08.11.2014 by J. Doe // Leave a Comment

When I moved to Oregon, I was delighted to discover I could pick two things on the side of the road: hazelnuts and blackberries. It turned out that the hazelnuts were actually on someone’s property, and possibly grown for profit, since Oregon is a major producer of hazelnuts.

The blackberries, however, were growing wild, all over the place, which I found delightful. When The Foreigner and I bought our house in Portland, I mentioned to our realtor my plan to put some blackberry and raspberry bushes in my backyard. They seem to grow so well here, I said.

I thought nothing could rattle our realtor, until that moment. Her eyes popped, but she quickly regained her composure, tactfully suggesting that I shouldn’t give up any of my limited yard space to grow something that I can pick so freely anyway.

I soldiered on: But it would be so nice to be able to go pick some in my own yard, to put on my cereal in the mornings.

Her eyes got big again. You don’t want these in your yard, she said. They will take over your yard; you will never, ever get rid of them. You’ll hire a service to get rid of them, and pay a fortune, and they’ll come back. Don’t do it.

I suspect the part she wanted to finish the sentence like this: … because I’ll never be able to sell this house if you do.

I learned two things from her that day: First, what the phrase invasive species means, and later, after we signed the contracts, how to pronounce Oregon properly (“not Ore-gone, Ore-gun. Repeat after me: Gonna get a gun, and move to Ore-gun.”)

I never did get a gun, but I did successfully sell the house with its blackberry-free yard a year later, and every August I head outside and pick fresh, ripe, blackberries that grow, well, everywhere in the Pacific Northwest.
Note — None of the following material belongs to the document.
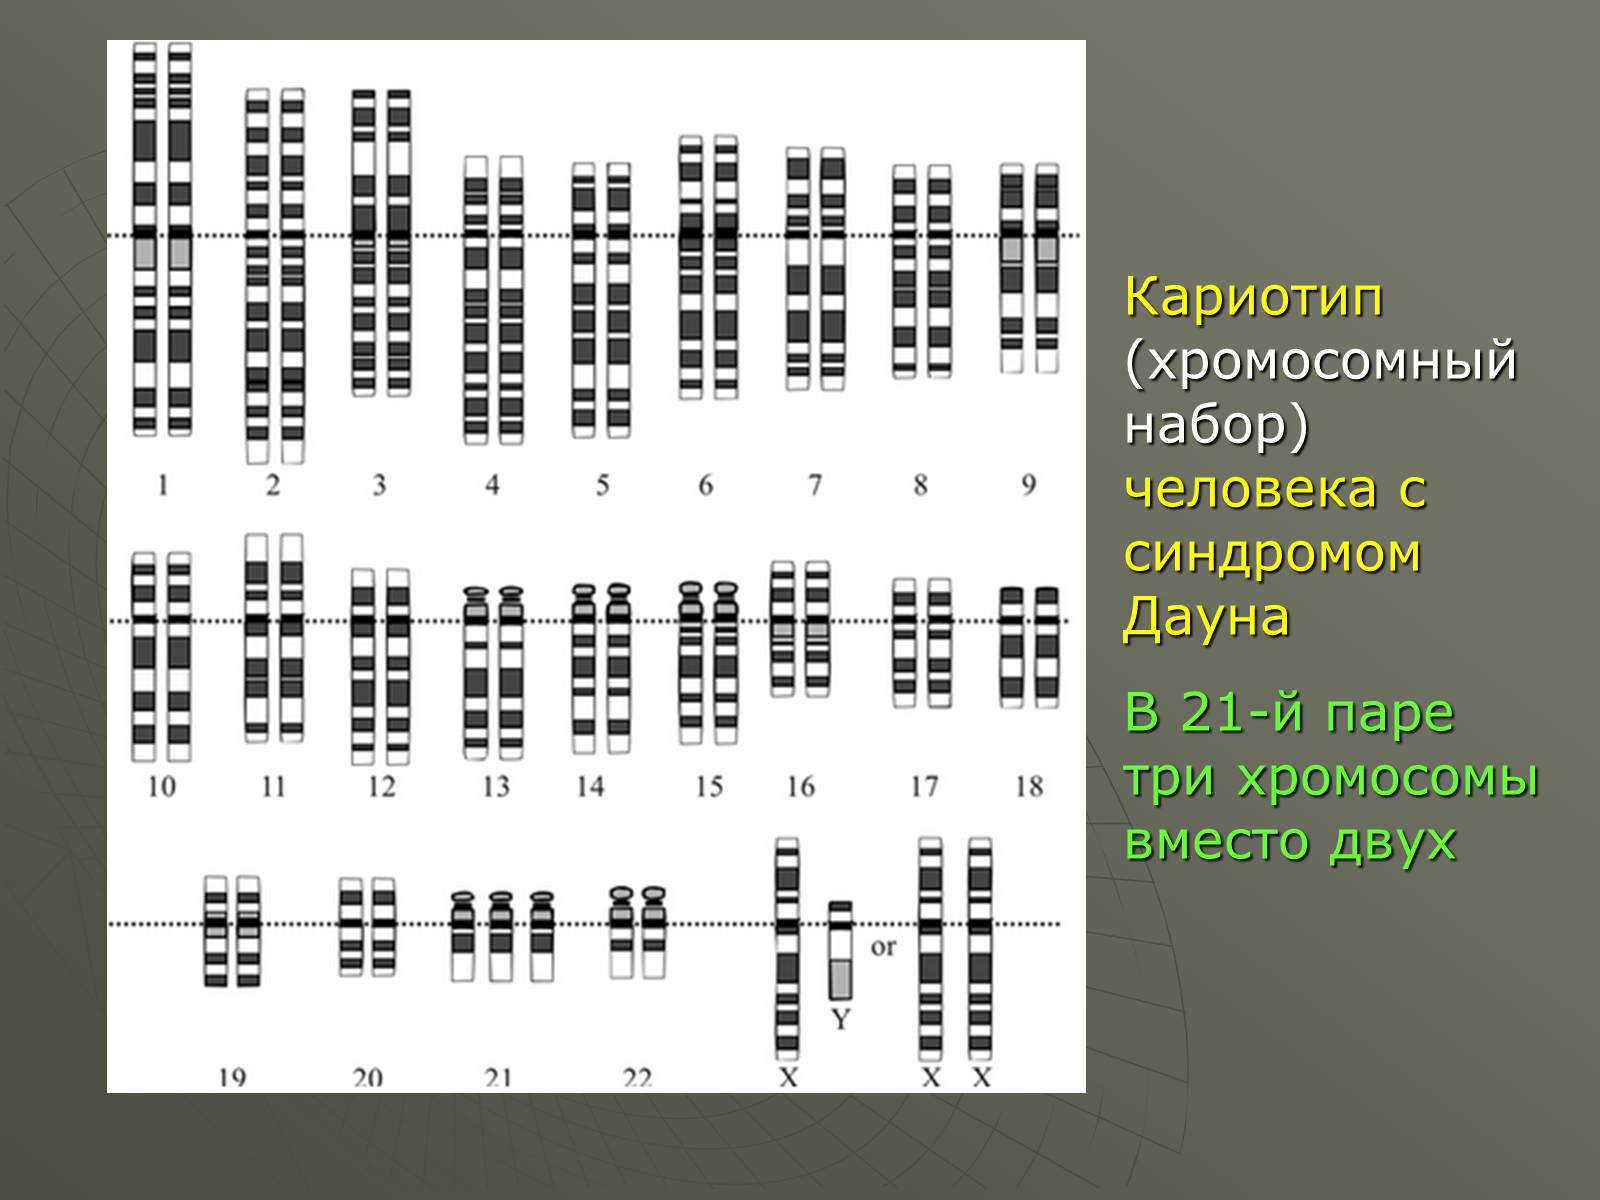 Хромосомные заболевания дауна. Кариотип человека с синдромом Дауна. Хромосомный набор кариотип человека. Набор хромосом при синдроме Дауна. Кариотип человека при синдроме Дауна.

On Sunday, I took the Red Dog out for a walk, and came home with a Safeway bag full of fresh, free berries.

I was lazy, too – I only picked the ones I didn’t have to go on my tiptoes to reach.

Last year, around this time, I made Dahlia Bakery’s Sour Cream Coffee Cake with Berries and Cinnamon Streusel, which is a great use for blackberries, but after making Blueberry Buckle twice, well, I was kind of coffeecaked out. Also, I had foolishly purchased far more blueberries than I needed the second time I made the buckle, so not only did I have an abundance of fresh blackberries, I was overloaded with blueberries.

Fortunately, David Tanis came to my rescue with this recipe from A Platter of Figs: Mixed Berry Crumble. It calls for 6 pints (12 cups) of berries, but they can be any mixture of blackberry, blueberry, raspberry. I used half blueberries and half blackberries – use whatever you have on hand and is in season.

The wonderful thing about a recipe like this is how it is deceptively simple: It seems like there should be more work involved getting that much flavor out of berries, but there isn’t. Everything is there to highlight the berries, full stop.

This was one of those things that I just kept having a little bit more of – not too sweet, not too gooey, nothing but delicious berries and crunch.

I used up all my blueberries, which was a relief, and all my blackberries, which was a little disappointing as it seemed like I had picked more than I really did. But I walked the Red Dog again this morning, and there were more berries along the road, waiting for me to pick them.

 

Mixed Berry Crumble

Mixed Berry Crumble
 
Print
Cook time
1 hour
Total time
1 hour
 
Author: David Tanis, A Platter of Figs
Serves: 6
Ingredients
  • 1½ cups all-purpose flour
  • 1 cup packed brown sugar
  • ½ teaspoon cinnamon
  • 8 tbsp cold butter, cut into small pieces
  • 6 pints of raspberries, blackberries, or blueberries, or a mix
  • ½ cup granulated sugar
Instructions
  1. Preheat the oven to 350F.
  2. For the topping, combine the flour, brown sugar, and cinnamon in a medium-sized bowl. Add the butter, and work it into the flour mixture with your fingertips until crumbly.
  3. In a large bowl, gently toss the berries with the sugar. Pile the fruit into a large gratin dish or into two pie plates. Spoon the topping over the fruit.
  4. Bake for an hour, or until the topping is browned. Cool for 15 minutes before serving.
Notes
6 pints is 12 cups. I used equal parts of blueberries and blackberries.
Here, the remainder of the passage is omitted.